Concepts de base
The authors propose a cheap stochastic iterative method that solves the optimization problem on the random generalized Stiefel manifold without requiring expensive eigenvalue decompositions or matrix inversions. The method has lower per-iteration cost, requires only matrix multiplications, and has the same convergence rates as its Riemannian counterparts.
Résumé
The content discusses an optimization problem on the random generalized Stiefel manifold, which appears in many applications such as canonical correlation analysis (CCA), independent component analysis (ICA), and the generalized eigenvalue problem (GEVP).
The authors propose a stochastic iterative method, called the "landing" method, that solves the optimization problem without enforcing the constraint in every iteration exactly. Instead, the method produces iterations that converge to a critical point on the generalized Stiefel manifold defined in expectation.
The key highlights of the proposed method are:
- It has lower per-iteration cost compared to Riemannian methods, as it only requires matrix multiplications and does not need expensive eigenvalue decompositions or matrix inversions.
- It can handle stochastic estimates of the feasible set (the matrix B), while Riemannian approaches and infeasible optimization techniques are not well-suited for this setting.
- It has the same convergence rates as its Riemannian counterparts, both in the deterministic and stochastic cases.
- It is particularly efficient when the matrices are well-conditioned and the variance of the samples is small.

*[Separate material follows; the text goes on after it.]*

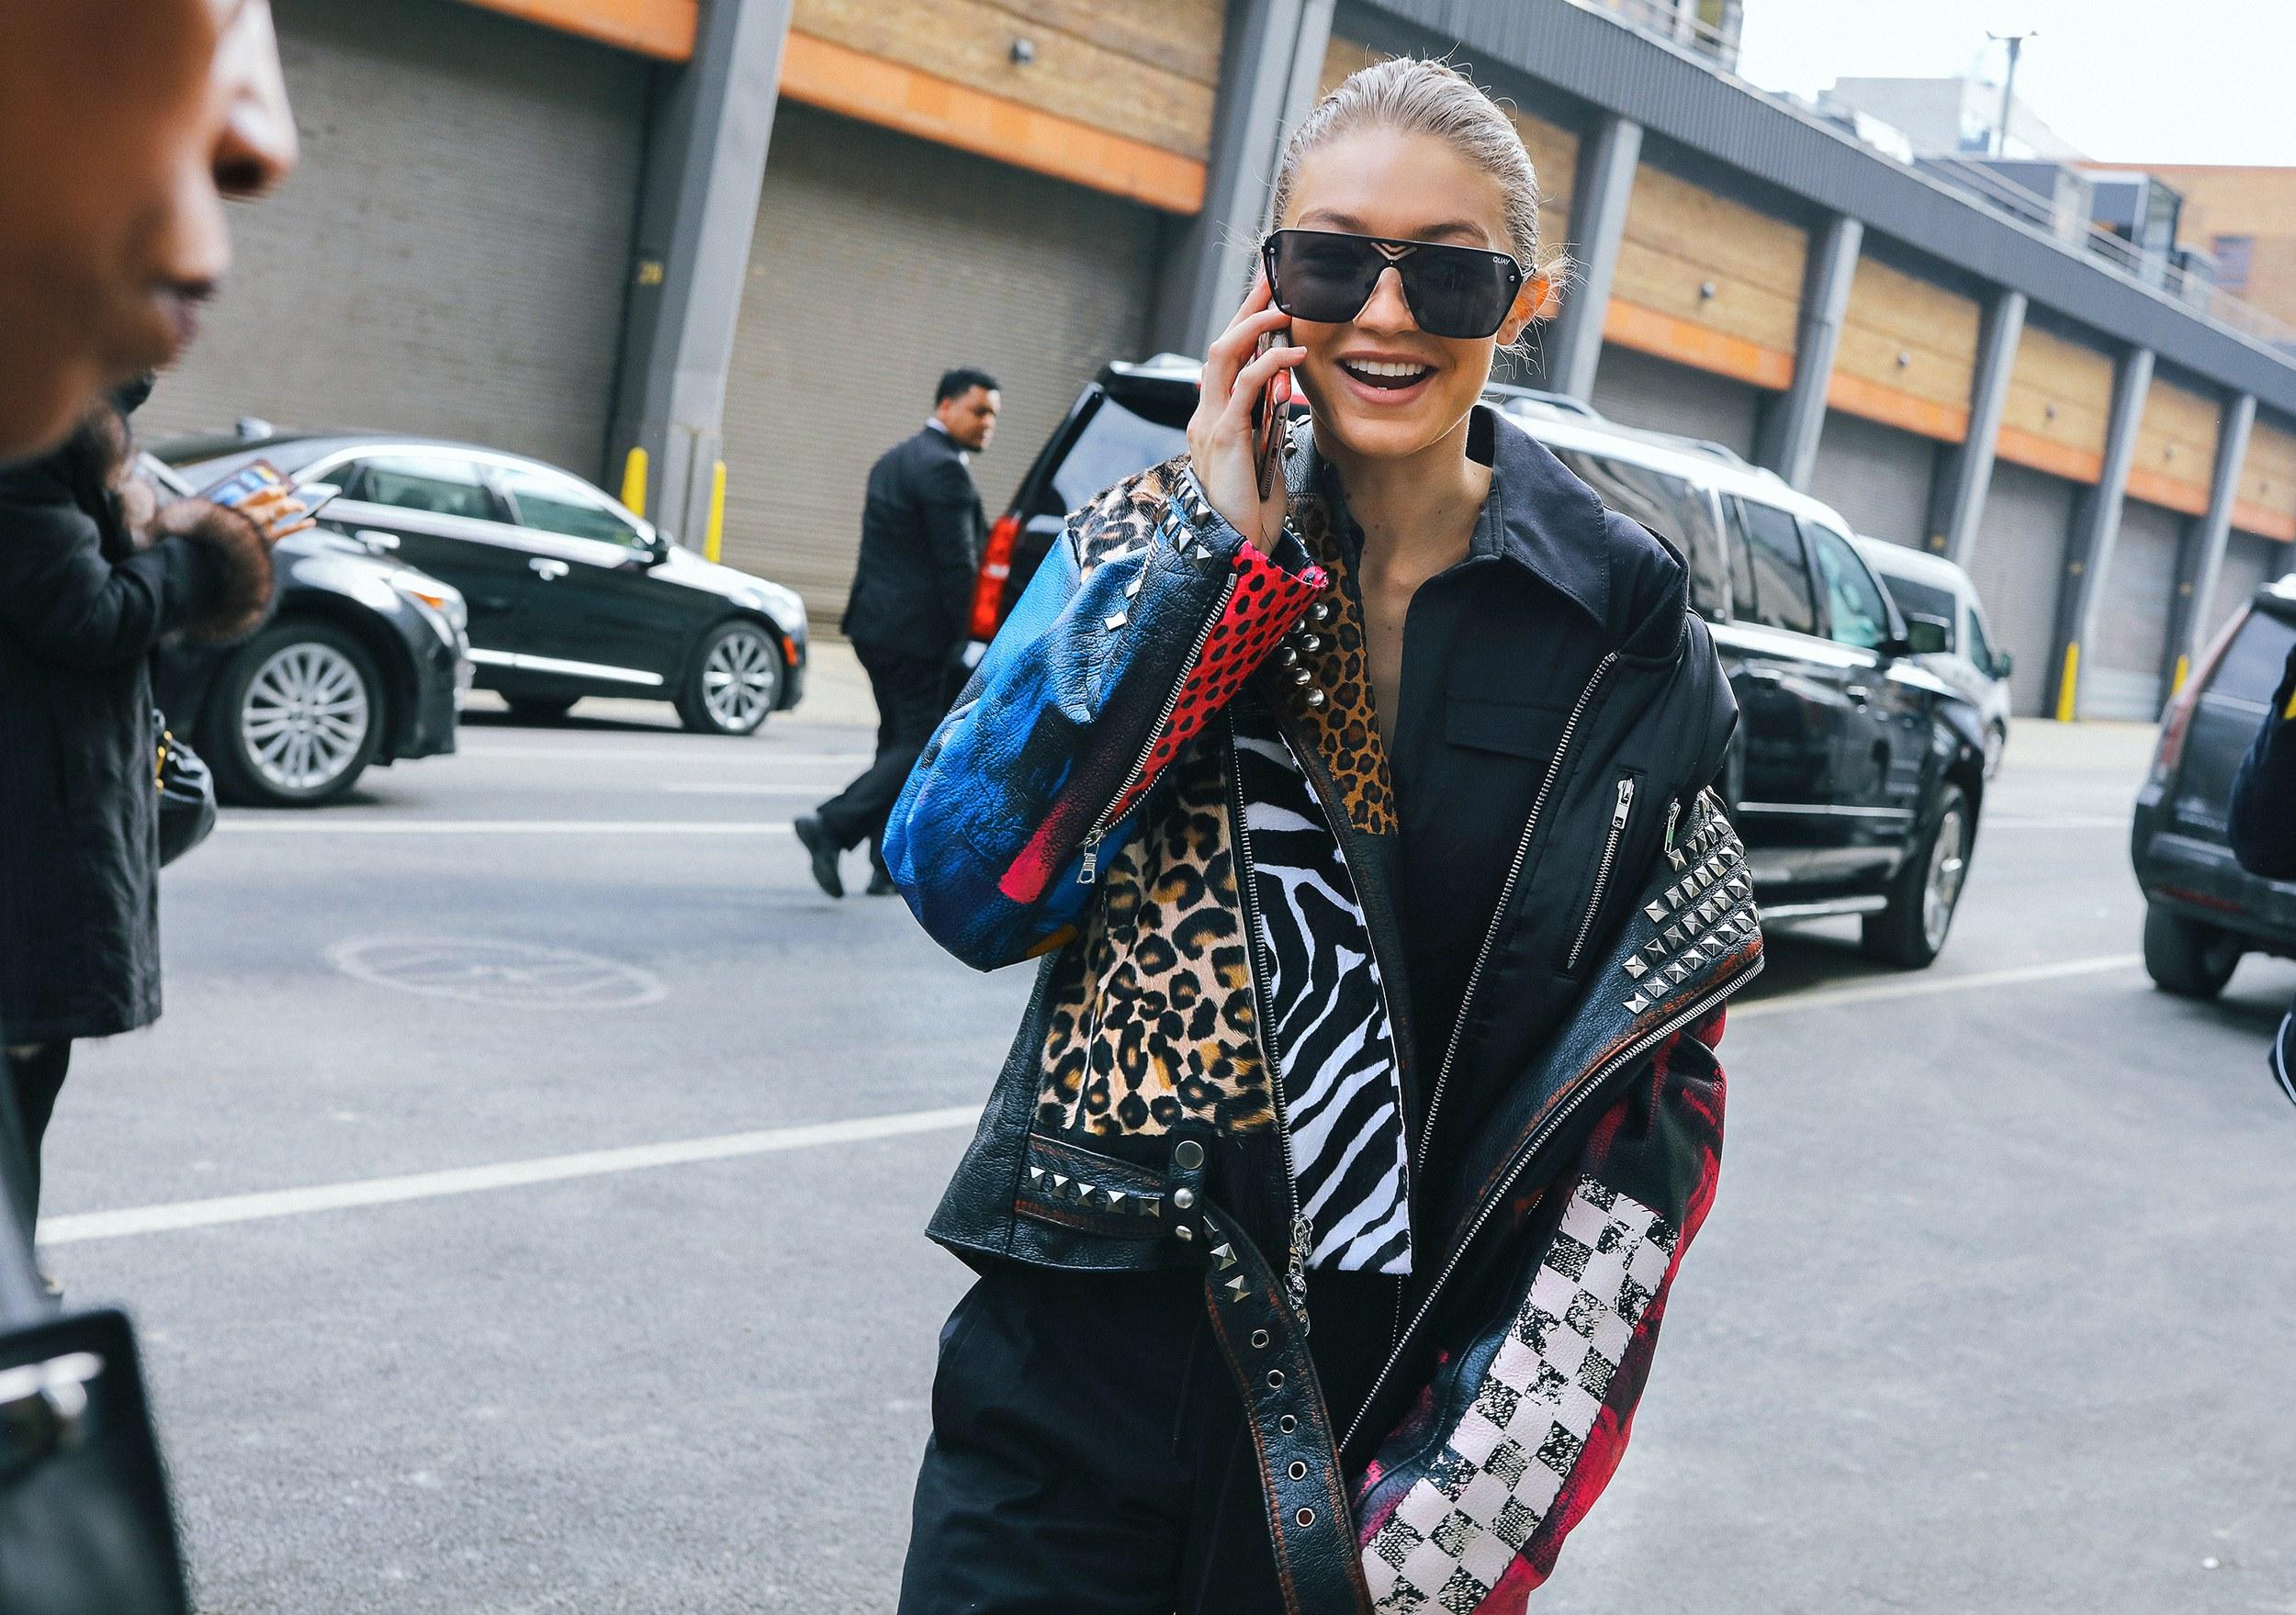 Chiêm ngưỡng đặc sản street style đẹp khó rời mắt tại Tuần lễ thời trang New York - Ảnh 7.

The authors provide a detailed theoretical analysis of the proposed landing method, proving its convergence to a critical point under suitable assumptions. They also demonstrate the effectiveness of the method on various machine learning applications involving generalized orthogonality constraints, including CCA, ICA, and GEVP.
Stats
The condition number of the matrix B is denoted as κ.
The variance of the stochastic gradient ∇fξ(X) is denoted as σ2
G.
The variance of the stochastic matrix Bζ is denoted as σ2
B.
The eigenvalues of the matrices A and B are denoted as αi and βi, respectively.